Ponggawa juga akan berperan sebagai “pelindung” bagi keamanan dan permodalan

usaha tambak dari petambak yang menjadi bawahannya. Sementara petambak akan berperan sebagai “pelayan” yang akan menyediakan suplai udang kepada ponggawa

yang memodalinya (PKSPL-IPB, 2002).

Sebagian besar komunitas petambak di Kawasan Delta Mahakam memiliki pola yang hampir seragam dalam memasarkan hasil perikanannya, yaitu langsung dijual pada ponggawa yang menjadi patron-nya masing-masing. Namun ada juga petambak atau nelayan yang memasarkan hasil tambaknya langsung pada perusahaan eksportir karena tidak terikat hutang dengan ponggawa ataupun di jual ke pasar lokal melalui penyambang, meskipun prosentasi mereka relatif sedikit. Perusahaan eksportir sering memberikan komisi berupa pemberian es batu untuk penyegar produk perikanan secara cuma-cuma, bahkan kemudahan bantuan modal pada ponggawa dan petambak yang telah menjual langsung dalam jumlah besar hasil tambaknya pada mereka.

Meskipun tidak ada sanksi tertulis namun ada sanksi moral yang telah menjadi kesepakatan bersama, yakni; bagi petambak atau nelayan yang terikat hutang pada seorang ponggawa tapi menjual hasil tambaknya langsung pada perusahaan eksportir atau ponggawa lainnya akan dikenakan sanksi pemutusan hubungan kerja sama dengan kewajiban melunasi hutangnya sekaligus dan tidak akan pernah mendapatkan bantuan lagi, bahkan dikucilkan dari kelompok ponggawa bersangkutan. Dalam konteks tersebut sering siri‟ dan passe‟ yang melekat dalam budaya Bugis berlaku mengikat

para anggota kelompok sosial (patron-client), sebagai bentuk solidaritas sosial yang mampu menjadi motif penggerak kehidupan sosial dan ketahanan ekonomi.

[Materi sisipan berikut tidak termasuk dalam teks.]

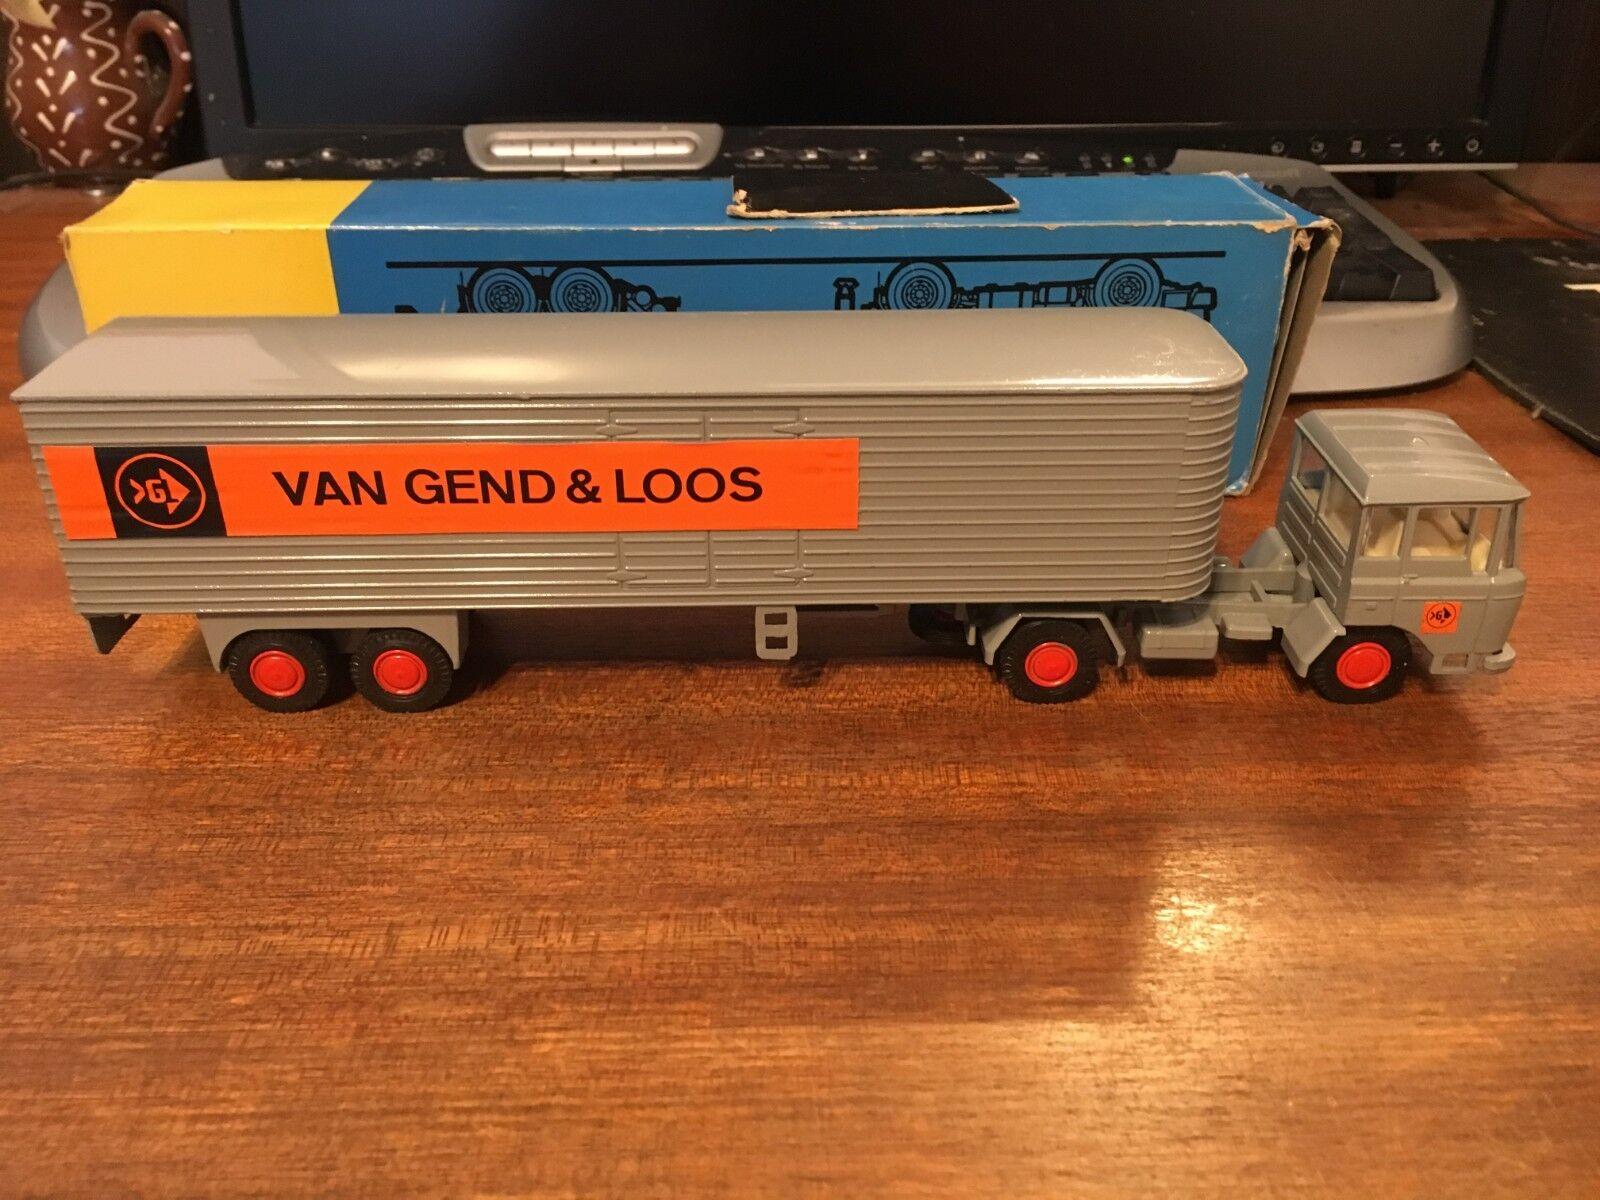 LION AUTO 1/50 SCALA Nr.36 DAF 2600 TREKKER eurotrailer-Van Leggenda & Loos
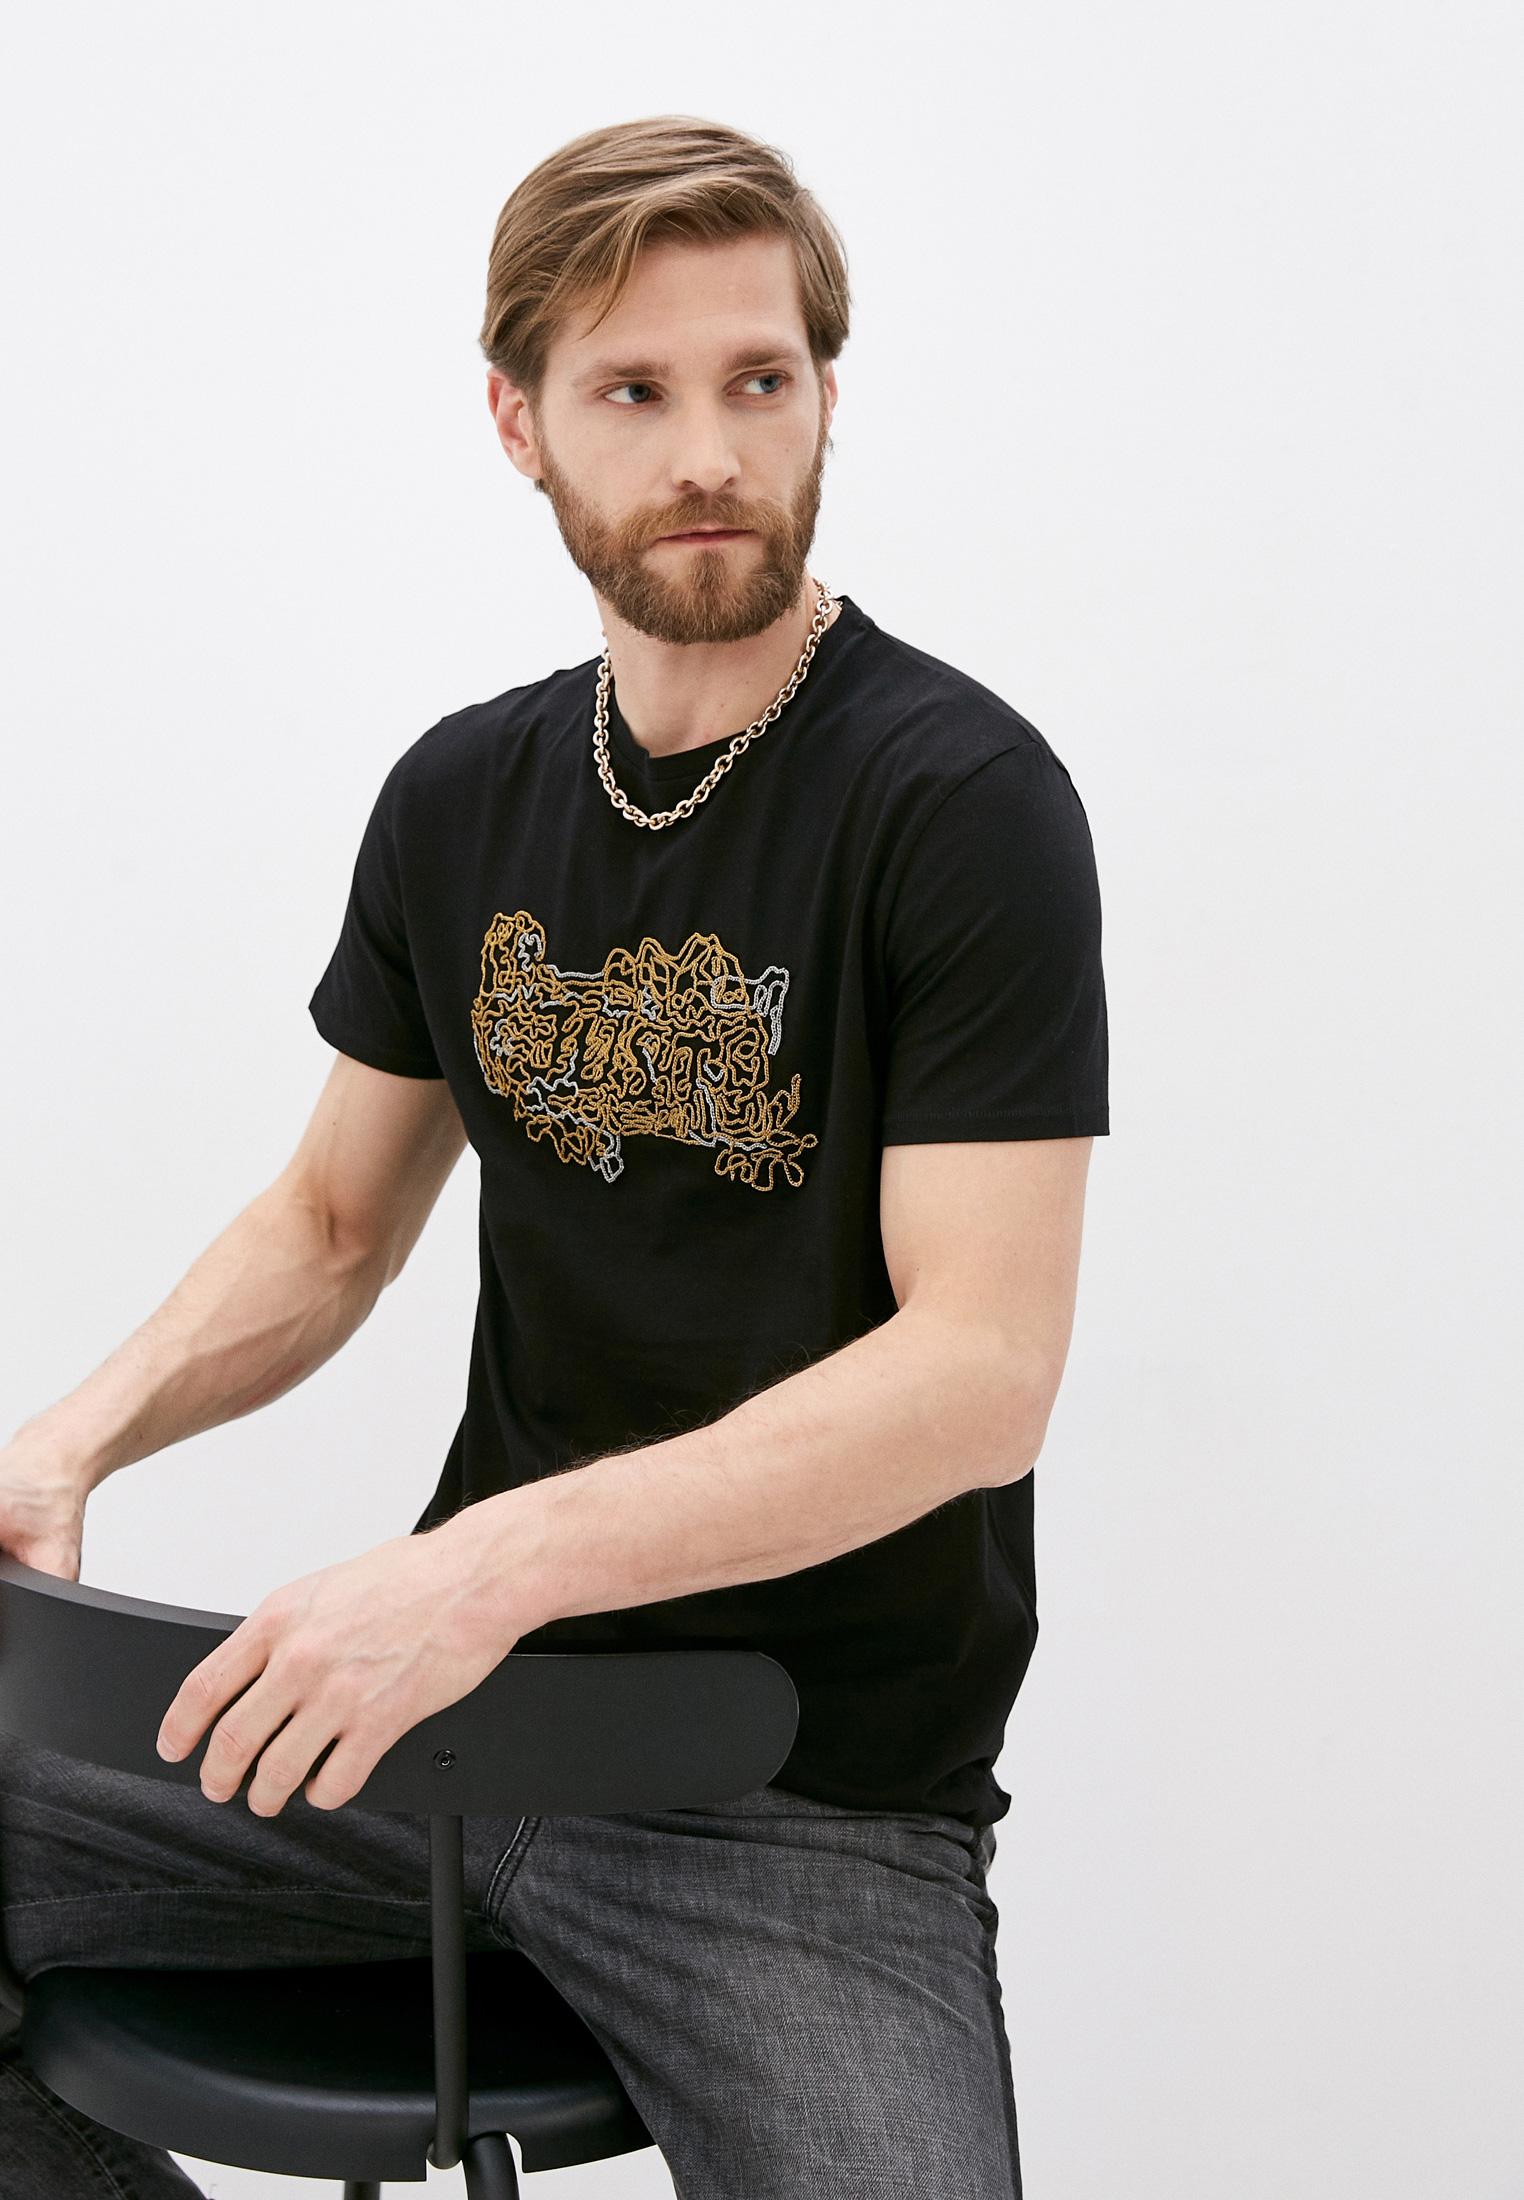 Мужская футболка Just Cavalli (Джаст Кавалли) S01GC0556N20663

Seorang petambak atau penjaga empang juga dapat meminjam uang kepada

ponggawa-nya bila mereka mempunyai kebutuhan lain yang mendesak, pinjaman

tersebut akan diberikan tanpa agunan dan bunga maupun prosedur formal lainnya. Berbagai kemudahan yang diperoleh semakin melanggengkan kekuasaan ponggawa

atas petambak-petambak di Delta Mahakam, yang semakin tergantung pada mekanisme kredit sangat lunak tapi mengikat tersebut. Meskipun terdapat beberapa pilihan untuk mendapatkan pinjaman modal dalam pembuatan dan pengelolaan tambak yang dimilikinya, seorang petambak akan bersikap lebih realistis bahkan ekstra hati-hati dalam memanfaatkan beragam pilihan yang ada. Kalupun ada petambak yang berhasil mendapatkan pinjaman dari bank atau perusahanan eksportir untuk memenuhi kebutuhan modal dalam mengelola tambak, sangatlah sedikit jumlahnya. Mereka biasanya petambak yang telah lepas dari cengkraman hutang para ponggawa atau petambak yang memiliki relationships, skill dan barang agunan yang memadai, karena rumitnya prosedur birokrasi peminjaman modal usaha di bank serta sulitnya mengakses fasilitas yang disediakan oleh perusahaan eksportir. Kondisi ini menyebabkan kemudahan yang ditawarkan oleh bank ataupun perusahaan eksportir lebih sering di manfaatkan oleh para ponggawa besar.

Hubungan kerja pada komunitas petambak biasanya berlaku sistem bagi hasil 3:1, artinya tiga bagian hasil panen untuk pemilik tambak dan 1 (satu) bagian untuk penjaga empang setelah dikurangi biaya produksi. Namun ada pula yang menggunakan sistem bagi hasil 75% untuk pemilik tambak dan 25% untuk penjaga empang yang memenuhi sendiri kebutuhan hidupnya, itupun setelah dipotong biaya produksi atau 80% untuk pemilik tambak dan 20% untuk penjaga empang yang kebutuhan hidupnya dipenuhi oleh pemilik tambak, setelah dipotong biaya produksi. Pemenuhan kebutuhan hidup penjaga empang biasanya dicukupi oleh pemilik tambak, sedangkan kebutuhan modal operasional akan dipenuhi oleh ponggawa yang menjadi patronnya, selanjutnya untuk sebuah kebutuhan yang tidak sanggup dipenuhinya; seorang ponggawa akan meminta bantuan pada ponggawa yang lebih besar atau pada perusahaan eksportir dengan sebuah kesepakatan yang berujung pada penyerahan sepenuhnya hasil tambak kepada pemberi pinjaman modal (Lenggono, 2004). Dalam banyak kasus; seorang petambak yang memiliki hubungan baik dengan perusahaan eksportir, dapat langsung memperoleh bantuan modal bagi kegiatan usahanya dan mendapat selisih keuntungan yang lebih baik karena menjual hasil produksi tambaknya langsung pada perusahaan tersebut dibandingkan melalui perantaraan ponggawa.